Por isso que tais danos devem ser calculados com base em critérios de verosimilhança ou de probabilidade, de acordo com o que no caso concreto poderá ou poderia vir a acontecer, seguindo as coisas o seu curso normal e se, mesmo assim, não puder apurar-se o seu valor exacto, deverá o tribunal julgar segundo a equidade – neste sentido v. Vaz Serra, R.L.J. 12º, 329 e 114º, 287 e segs.; Pires de Lima Antunes Varela, C. Civil Anotado, 3ª ed., 549; Dario M. Almeida, Manual de Acidentes de Viação.
O dano, neste caso, deve ser considerado patrimonial, visto que abrange os prejuízos que, sendo susceptíveis de avaliação pecuniária, podem ser reparados ou indemnizados, senão directamente (mediante restauração natural ou reconstituição especifica da situação anterior à lesão), pelo menos indirectamente (por meio de equivalente ou indemnização pecuniária).
Estando em causa o maior esforço despendido na actividade do lesado como pessoa, afectado por uma incapacidade fisiológica significativa, ou seja, a sua incapacidade funcional, é hoje indiscutível tratar-se de um dano patrimonial futuro cuja indemnização tem cobertura no critério definido pelo art. 564.º, n.º 2 do Código Civil.
Daí que, a par da afectação da capacidade para o exercício da actividade profissional habitual, de há muito que tal dano tem vindo progressivamente a ser considerado, como dano indemnizável, autonomamente, o chamado “dano funcional” ou “dano biológico” - cfr., síntese no estudo do Conselheiro Sousa Dinis publicado na CJ/STJ, 1997, tomo II, pag. 11 e segs., actualizado na CJ/STJ, 2001, Tomo I, p 1 a 12.
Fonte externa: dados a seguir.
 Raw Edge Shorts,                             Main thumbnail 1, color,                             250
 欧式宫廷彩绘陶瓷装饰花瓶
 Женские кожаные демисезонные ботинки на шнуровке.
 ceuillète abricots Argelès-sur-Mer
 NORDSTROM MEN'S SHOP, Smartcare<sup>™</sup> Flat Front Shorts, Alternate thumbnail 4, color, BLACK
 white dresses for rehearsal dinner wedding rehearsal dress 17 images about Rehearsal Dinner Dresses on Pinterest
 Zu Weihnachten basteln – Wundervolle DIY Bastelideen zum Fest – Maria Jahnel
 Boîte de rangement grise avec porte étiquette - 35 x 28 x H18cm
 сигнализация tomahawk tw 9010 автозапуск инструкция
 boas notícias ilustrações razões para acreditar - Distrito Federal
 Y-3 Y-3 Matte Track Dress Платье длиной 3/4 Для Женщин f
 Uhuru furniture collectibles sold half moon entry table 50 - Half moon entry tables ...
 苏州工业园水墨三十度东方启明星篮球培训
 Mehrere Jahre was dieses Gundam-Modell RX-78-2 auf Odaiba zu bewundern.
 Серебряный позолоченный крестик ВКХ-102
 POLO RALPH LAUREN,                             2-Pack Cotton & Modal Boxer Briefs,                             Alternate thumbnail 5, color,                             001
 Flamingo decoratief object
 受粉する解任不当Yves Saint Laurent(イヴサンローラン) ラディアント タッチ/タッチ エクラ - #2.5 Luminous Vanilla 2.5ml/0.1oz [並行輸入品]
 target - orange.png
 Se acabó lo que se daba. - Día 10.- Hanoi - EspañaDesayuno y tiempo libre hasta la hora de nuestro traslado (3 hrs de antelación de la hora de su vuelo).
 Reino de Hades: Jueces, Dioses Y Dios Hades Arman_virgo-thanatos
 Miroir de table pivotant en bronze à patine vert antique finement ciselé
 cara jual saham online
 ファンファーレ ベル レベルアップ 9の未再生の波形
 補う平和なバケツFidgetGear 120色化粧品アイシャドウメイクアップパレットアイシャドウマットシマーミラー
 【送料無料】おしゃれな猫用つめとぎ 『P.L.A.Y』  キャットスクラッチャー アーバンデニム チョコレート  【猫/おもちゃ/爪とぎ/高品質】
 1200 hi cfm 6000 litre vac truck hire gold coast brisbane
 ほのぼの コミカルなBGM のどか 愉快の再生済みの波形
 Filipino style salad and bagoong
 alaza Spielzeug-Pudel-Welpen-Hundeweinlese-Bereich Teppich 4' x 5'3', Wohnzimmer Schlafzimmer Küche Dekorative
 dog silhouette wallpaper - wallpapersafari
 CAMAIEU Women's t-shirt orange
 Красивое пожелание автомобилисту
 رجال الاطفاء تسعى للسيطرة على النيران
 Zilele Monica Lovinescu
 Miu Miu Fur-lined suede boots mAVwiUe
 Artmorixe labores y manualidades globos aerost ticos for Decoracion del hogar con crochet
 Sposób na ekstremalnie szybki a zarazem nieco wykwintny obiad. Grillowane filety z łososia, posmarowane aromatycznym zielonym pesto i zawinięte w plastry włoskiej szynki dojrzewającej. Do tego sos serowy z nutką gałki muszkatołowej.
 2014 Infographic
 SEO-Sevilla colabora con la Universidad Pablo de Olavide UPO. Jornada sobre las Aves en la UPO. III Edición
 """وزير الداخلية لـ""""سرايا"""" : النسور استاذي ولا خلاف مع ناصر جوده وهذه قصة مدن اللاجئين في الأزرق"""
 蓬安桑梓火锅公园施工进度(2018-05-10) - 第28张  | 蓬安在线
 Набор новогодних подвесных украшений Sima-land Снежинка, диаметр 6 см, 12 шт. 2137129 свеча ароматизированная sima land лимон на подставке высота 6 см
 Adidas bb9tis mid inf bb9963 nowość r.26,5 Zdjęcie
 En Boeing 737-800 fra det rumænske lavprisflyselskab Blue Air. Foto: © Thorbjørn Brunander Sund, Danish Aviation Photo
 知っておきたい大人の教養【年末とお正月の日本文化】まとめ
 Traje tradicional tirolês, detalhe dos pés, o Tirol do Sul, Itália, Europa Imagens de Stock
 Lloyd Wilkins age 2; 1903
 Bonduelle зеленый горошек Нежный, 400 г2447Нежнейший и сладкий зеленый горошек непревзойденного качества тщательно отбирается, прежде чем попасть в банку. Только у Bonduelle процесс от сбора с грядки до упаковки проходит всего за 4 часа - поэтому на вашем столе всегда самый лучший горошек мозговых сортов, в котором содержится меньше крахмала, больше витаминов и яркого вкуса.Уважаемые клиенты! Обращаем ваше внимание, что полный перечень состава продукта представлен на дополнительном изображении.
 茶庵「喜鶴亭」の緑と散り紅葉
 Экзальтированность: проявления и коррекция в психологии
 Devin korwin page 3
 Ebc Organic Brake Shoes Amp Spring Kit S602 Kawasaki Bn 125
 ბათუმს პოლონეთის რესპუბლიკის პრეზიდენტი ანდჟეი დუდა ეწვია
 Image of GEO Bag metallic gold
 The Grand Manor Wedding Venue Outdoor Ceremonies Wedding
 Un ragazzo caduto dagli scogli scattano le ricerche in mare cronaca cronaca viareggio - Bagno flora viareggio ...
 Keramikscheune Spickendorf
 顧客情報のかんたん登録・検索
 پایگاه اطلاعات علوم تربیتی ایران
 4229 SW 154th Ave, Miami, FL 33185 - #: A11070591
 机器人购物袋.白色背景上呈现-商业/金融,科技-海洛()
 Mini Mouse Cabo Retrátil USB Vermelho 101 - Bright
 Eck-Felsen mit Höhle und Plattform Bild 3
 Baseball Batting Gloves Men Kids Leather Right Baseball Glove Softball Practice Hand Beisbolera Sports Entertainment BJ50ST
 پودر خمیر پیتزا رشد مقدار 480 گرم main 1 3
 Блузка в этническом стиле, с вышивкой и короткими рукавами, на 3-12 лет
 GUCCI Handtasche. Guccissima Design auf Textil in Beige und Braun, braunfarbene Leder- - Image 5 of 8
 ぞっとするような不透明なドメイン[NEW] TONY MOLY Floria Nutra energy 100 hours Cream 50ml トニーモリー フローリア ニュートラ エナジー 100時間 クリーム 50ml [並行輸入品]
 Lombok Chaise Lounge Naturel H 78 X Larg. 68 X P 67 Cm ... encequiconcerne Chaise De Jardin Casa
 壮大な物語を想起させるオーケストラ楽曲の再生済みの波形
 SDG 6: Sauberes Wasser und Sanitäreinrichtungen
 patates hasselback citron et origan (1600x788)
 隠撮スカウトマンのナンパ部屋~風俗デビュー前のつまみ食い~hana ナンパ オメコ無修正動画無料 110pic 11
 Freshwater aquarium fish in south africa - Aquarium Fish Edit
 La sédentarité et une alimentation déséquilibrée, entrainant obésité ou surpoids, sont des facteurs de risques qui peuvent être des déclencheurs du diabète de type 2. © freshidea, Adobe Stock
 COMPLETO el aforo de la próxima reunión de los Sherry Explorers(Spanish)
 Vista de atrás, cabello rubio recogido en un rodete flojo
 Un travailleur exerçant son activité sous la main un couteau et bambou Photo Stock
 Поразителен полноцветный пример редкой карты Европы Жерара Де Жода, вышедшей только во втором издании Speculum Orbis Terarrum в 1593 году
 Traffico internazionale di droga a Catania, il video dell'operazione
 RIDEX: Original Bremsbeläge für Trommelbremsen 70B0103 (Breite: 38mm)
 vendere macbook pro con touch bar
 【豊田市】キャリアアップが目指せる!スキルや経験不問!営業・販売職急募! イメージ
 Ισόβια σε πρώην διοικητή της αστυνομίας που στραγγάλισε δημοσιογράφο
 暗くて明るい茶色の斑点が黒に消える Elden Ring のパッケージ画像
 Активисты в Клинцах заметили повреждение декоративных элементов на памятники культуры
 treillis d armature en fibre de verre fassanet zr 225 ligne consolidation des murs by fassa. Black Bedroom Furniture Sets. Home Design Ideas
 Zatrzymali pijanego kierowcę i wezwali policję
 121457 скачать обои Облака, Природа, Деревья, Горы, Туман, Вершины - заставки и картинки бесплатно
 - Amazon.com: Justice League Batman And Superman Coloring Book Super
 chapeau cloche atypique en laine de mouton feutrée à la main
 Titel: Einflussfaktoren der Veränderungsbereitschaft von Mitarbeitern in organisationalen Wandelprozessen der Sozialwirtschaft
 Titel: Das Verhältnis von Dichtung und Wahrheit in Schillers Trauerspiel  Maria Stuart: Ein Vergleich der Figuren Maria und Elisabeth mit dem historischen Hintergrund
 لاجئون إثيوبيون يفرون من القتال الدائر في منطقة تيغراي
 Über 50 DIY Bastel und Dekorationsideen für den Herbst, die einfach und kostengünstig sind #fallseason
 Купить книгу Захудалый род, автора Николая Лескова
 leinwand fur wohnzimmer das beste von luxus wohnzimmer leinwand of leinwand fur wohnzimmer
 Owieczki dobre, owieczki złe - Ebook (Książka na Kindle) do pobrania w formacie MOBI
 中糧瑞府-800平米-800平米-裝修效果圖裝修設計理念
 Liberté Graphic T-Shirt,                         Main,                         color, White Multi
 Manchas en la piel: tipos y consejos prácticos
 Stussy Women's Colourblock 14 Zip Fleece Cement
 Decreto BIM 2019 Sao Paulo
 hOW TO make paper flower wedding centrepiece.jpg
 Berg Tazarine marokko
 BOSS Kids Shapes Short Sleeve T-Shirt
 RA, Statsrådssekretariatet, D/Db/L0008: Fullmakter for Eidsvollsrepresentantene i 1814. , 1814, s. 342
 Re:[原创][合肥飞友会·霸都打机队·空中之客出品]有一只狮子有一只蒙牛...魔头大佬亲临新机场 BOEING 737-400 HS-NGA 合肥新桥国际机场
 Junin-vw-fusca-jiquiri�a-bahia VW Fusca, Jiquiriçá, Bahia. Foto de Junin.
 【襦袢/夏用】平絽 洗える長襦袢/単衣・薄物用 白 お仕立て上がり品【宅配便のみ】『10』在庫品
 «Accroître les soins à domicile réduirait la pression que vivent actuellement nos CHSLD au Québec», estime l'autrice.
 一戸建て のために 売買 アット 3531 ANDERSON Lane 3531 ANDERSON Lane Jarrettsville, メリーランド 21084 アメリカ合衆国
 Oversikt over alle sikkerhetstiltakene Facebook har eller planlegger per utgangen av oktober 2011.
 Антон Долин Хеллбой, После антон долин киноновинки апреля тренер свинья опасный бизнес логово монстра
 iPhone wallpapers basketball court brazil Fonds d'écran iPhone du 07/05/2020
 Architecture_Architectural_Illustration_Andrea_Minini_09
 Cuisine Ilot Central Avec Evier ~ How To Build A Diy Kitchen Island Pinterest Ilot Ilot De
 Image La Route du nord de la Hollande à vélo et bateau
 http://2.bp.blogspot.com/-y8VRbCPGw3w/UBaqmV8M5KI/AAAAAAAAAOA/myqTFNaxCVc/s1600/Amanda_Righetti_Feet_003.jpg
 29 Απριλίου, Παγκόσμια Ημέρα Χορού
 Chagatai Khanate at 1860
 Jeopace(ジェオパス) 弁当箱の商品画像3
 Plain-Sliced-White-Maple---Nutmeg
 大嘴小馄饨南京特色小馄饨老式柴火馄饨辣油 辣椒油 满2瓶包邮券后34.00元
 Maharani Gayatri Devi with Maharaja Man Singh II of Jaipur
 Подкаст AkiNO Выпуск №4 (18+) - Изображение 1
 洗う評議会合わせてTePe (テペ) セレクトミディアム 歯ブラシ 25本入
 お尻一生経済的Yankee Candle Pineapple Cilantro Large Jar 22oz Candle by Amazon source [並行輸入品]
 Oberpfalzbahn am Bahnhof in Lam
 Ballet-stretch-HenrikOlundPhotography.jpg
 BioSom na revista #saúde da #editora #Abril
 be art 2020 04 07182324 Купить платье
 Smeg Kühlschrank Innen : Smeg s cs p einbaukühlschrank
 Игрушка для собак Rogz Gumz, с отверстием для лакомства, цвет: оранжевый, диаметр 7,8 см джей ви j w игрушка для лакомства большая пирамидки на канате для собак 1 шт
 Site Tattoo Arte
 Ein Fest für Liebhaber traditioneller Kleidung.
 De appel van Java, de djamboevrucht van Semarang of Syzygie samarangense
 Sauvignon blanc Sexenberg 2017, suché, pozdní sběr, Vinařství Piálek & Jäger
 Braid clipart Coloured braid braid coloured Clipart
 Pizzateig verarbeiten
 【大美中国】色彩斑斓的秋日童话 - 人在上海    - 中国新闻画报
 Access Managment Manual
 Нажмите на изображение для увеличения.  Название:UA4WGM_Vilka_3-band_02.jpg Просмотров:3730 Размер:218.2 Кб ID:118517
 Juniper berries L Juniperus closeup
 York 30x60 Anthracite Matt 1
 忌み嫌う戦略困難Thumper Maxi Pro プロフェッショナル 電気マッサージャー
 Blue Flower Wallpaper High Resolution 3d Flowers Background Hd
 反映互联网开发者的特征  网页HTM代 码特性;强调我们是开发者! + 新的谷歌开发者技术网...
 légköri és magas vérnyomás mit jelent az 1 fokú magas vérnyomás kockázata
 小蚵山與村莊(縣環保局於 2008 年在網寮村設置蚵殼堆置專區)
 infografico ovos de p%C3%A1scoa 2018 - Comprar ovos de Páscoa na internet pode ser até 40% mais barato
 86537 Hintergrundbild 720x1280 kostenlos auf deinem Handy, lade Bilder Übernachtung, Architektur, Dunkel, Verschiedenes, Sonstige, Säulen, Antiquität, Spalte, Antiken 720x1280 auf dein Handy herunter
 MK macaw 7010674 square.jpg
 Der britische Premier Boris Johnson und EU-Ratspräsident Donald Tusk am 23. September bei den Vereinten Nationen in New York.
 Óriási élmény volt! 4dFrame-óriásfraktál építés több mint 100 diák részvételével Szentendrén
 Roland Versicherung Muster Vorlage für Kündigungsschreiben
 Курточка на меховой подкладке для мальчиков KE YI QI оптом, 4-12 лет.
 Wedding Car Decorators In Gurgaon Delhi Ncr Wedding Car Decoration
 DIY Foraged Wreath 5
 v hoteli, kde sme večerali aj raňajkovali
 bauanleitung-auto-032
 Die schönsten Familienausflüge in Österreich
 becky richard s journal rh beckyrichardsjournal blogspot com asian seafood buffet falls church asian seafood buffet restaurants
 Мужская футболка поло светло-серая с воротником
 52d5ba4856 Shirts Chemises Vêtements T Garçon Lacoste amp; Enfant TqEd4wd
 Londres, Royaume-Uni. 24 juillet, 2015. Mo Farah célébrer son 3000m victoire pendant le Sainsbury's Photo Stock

Na verdade, a afectação da pessoa do ponto de vista funcional, na envolvência do que vem sendo designado por dano biológico, determinante de consequências negativas a nível da sua actividade geral, justifica a indemnização no âmbito do dano patrimonial, para além da valoração que se imponha a título de dano não patrimonial - cf., por ex., Ac do STJ de 21/9/94, de 7/10/04, de 13/1/2005, in www dgsi.pt/jstj.
Com efeito, muito embora as regras gerais do processo indemnizatório, designadamente a “teoria da diferença”, se ajustem mais facilmente, à diminuição da capacidade de ganho, o certo é que a incapacidade funcional ou “ dano fisiológico”, numa perspectiva sistémica da teoria geral da indemnização, implica a ressarcibilidade, enquanto dano patrimonial futuro - cf. ÁLVARO DIAS, Dano Corporal - Quadro Epistemológico e Aspectos Ressarcitórios, Coimbra - Almedina - 2001, págs. 255 a 265.
Aliás, nos casos em que o lesado não exerce qualquer actividade profissional remunerada ou exercendo-a não houve perda de salário ou de rendimento, tanto a doutrina como a jurisprudência é hoje unânime no sentido da ressarcibilidade do dano (cf., neste sentido, VAZ, RLJ ano 102, pág.296, ANTUNES VARELA, Obrigações, vol. I, pág.910; Ac STJ de 5/2/87, BMJ 364, pág.819, de 17/5/94, C.J. ano II, tomo II, pág.101, de 6/4/04, de 21/9/04, www dgsi.pt/jstj ).
É o que se passa com a pessoa que tenha por actividade a lide doméstica, e que, devido à incapacidade de que ficou afectada, tenha necessidade de utilizar os serviços de outra pessoa ou que passe a exercer tal actividade com maior dificuldade do que exercia até aí, desenvolvendo um maior esforço para atingir o mesmo fim.
O próprio legislador, na tentativa de estabelecer critérios objectivos de reparação do dano futuro pela ofensa da integridade física em si, independentemente da perda da capacidade de ganho directa, acabou por consagrar legalmente, de forma expressa, a reparação do tipo de dano a que nos reportamos – procedendo à “baremização” deste tipo de dano – cfr. art. 3º, alíneas b), art. 8º e anexo IV anexo à Portaria n.º 377/2008 de 26. 05 que regulamenta a aplicação da proposta de indemnização obrigatória, ao lesado, criada pelo DL 83/2006 de 03.05, reajustada pelo DL 291/2007 de 21.08.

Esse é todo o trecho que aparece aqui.